_Task item_
Which lines of the entries below run from the one holding "blue moon beer" to the one holding "Boost your gut", inclusive? Set down exactly those lines and no others.

-------- Source material

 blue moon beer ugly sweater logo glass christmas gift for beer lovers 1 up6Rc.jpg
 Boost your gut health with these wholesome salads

----------------
-------- Source material

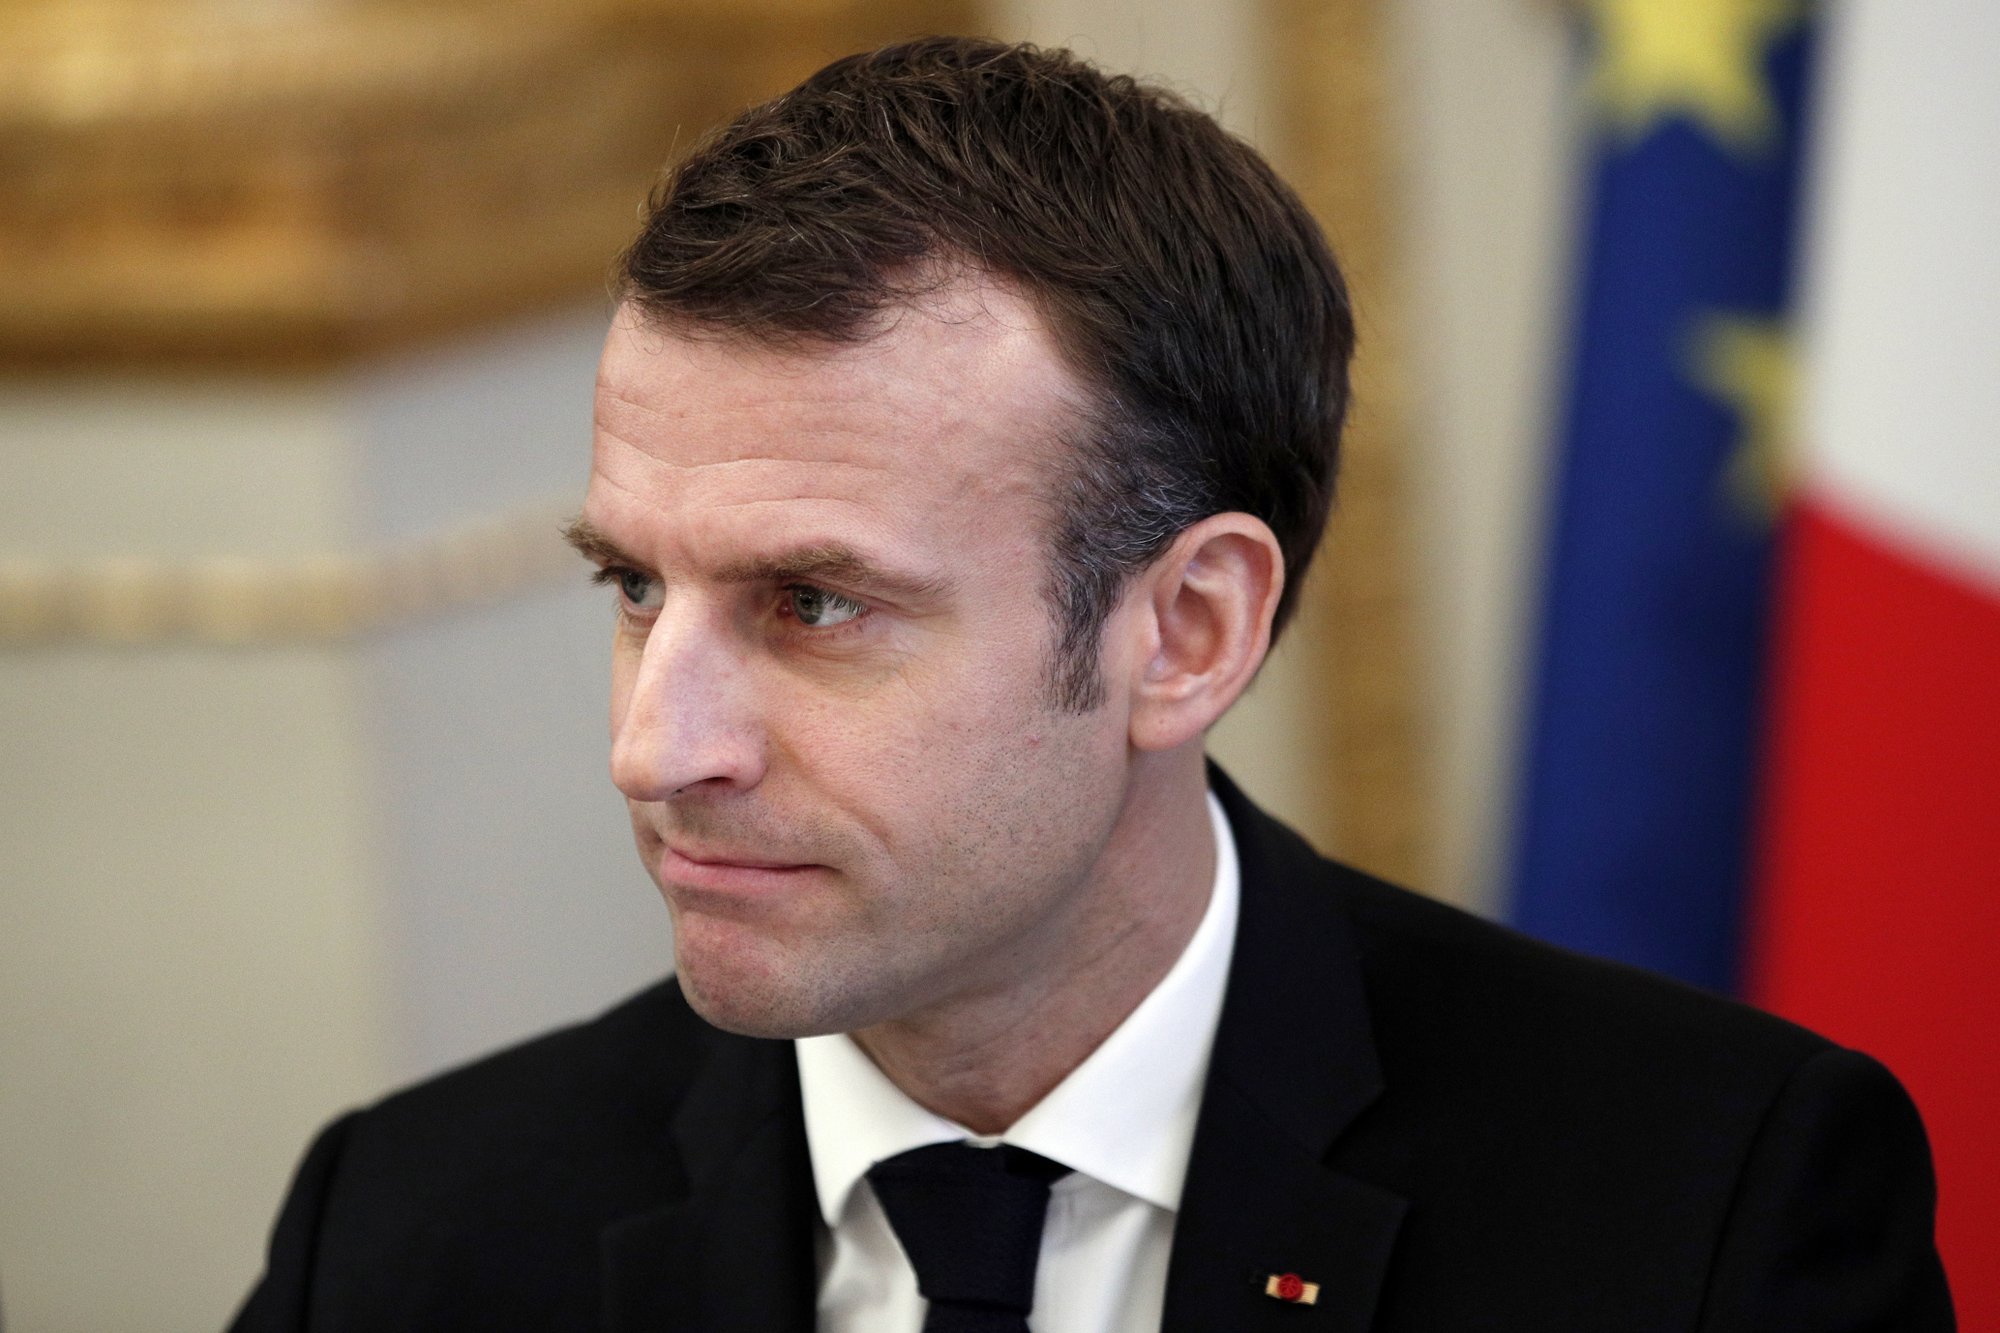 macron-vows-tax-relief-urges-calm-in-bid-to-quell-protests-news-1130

----------------

_Worked solution_
 blue moon beer ugly sweater logo glass christmas gift for beer lovers 1 up6Rc.jpg
 Boost your gut health with these wholesome salads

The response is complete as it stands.